Stimulators: One of the most common ways to activate pathways in a brain slice is to electrically stimulate the tissue using a bipolar or concentric electrode, usually no more than 250 μm in diameter. Simple stimulating electrodes can be made by twisting small gauge (22-30 ga) teflon-coated platinum wire together, cutting the ends flush with a sharp razor, attaching it to a twisted pair of wires that go to the stimulator, and inserting the platinum end through a fire-polished Pasteur pipette until the ends stick out of the pipette. A small drop of glue at the end of the pipette will help hold the wires in place. Commercial electrodes are also available in a variety of sizes and configurations from several vendors. The basic requirement for the stimulator is that the current (or voltage) and pulse duration be controlled. Typical pulse durations are 0.05 to 0.2 msec per stimulus. Voltages range from <1 to ~100 V, or if using constant current pulses, from 10’s of μA up to about 1 mA. Stimulus parameters are highly dependent upon the tissue type as well as the electrode configuration. The stimulator hardware consists of the pulse generator (this can be a computer or a stand-alone unit), along with an isolation unit that drives the electrode through a circuit that is electrically isolated from the rest of the setup. This isolation occurs either through an optical coupler, or a transformer. The output of the isolation unit should not be grounded.

Pipette puller: The preparation of the patch pipettes requires a puller suited to the purpose. Modern pullers are microprocessor-based devices that can create a pair of patch pipettes from glass blanks by heating the glass with either a filament or a laser, and cooling the glass with a jet of air. The choice of puller is not critical, as long as it is easy to modify the pulling pattern of heating and cooling and force. With some pullers it may also be necessary to have a microforge to fire-polish the tips of the electrodes. We have not found this necessary with a laser puller.
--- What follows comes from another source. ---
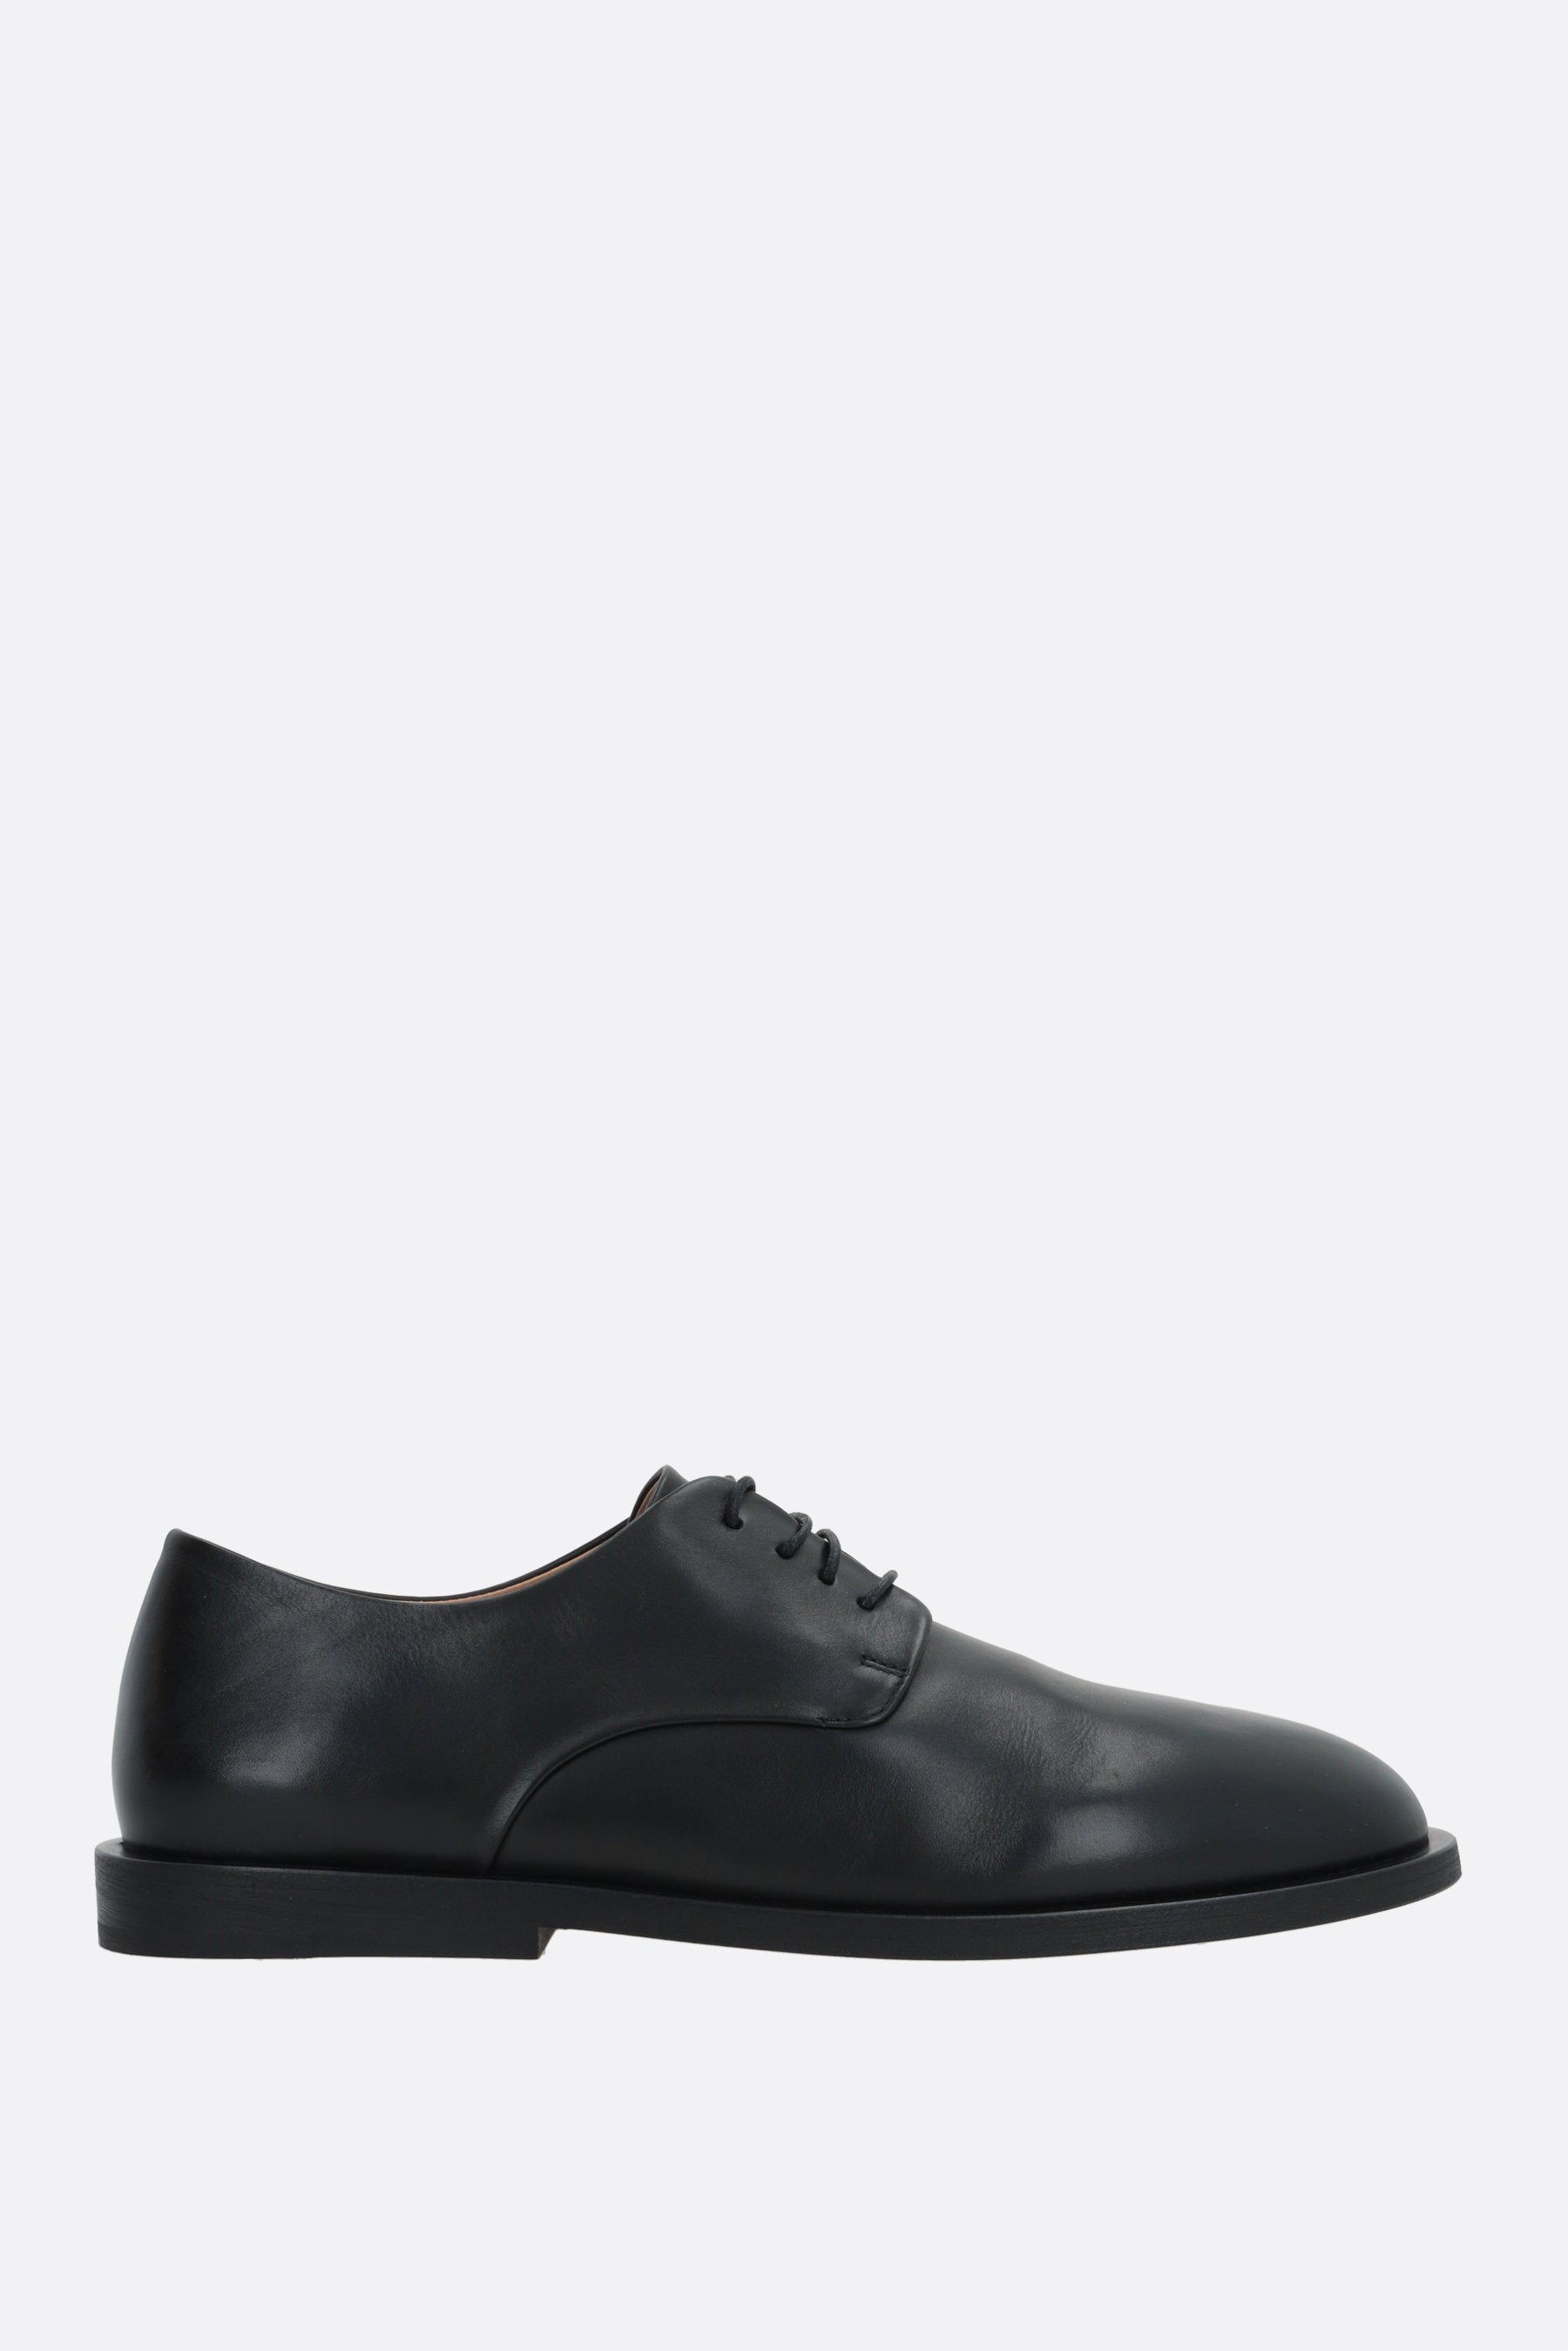 Mando smooth leather derby shoes

Slicers: The preparation of brain slices requires a slicer. To minimize damage to the tissue, slicers that use a vibrating blade that can be advanced through the tissue with a controlled rate, oscillation speed and distance, and angle, seem to work best. The slicer should be dedicated to brain slice preparation, as contamination with fixative or chemicals that might be encountered during histological processing is not conducive to the preparation of healthy, living brain slices.

Water filtration system: It is extremely important to have high quality water when preparing solutions for brain slices and patch clamp recordings. Contamination of the water used to make solutions by water treatment chemicals, bacteria, or various ions and salts that may be accumulated along the way, can lead to unexpected results and complications. The type of filtration system that is needed depends on the quality of water that is available to feed the system. For example, if your building provides reverse-osmosis treated water to each lab, then the system can be limited to the filter components needed to polish the water to a high quality. However, if you only have utility supplied water, you may need a reverse osmosis unit to generate a local supply that can be used to feed the polishing system. In our opinion, simple steam distillation of water is not sufficient. In addition, the water should be filtered with a 0.22 μm tissue-culture grade filter at the last step prior to use. It is also possible to purchase water, although this would be an expensive option.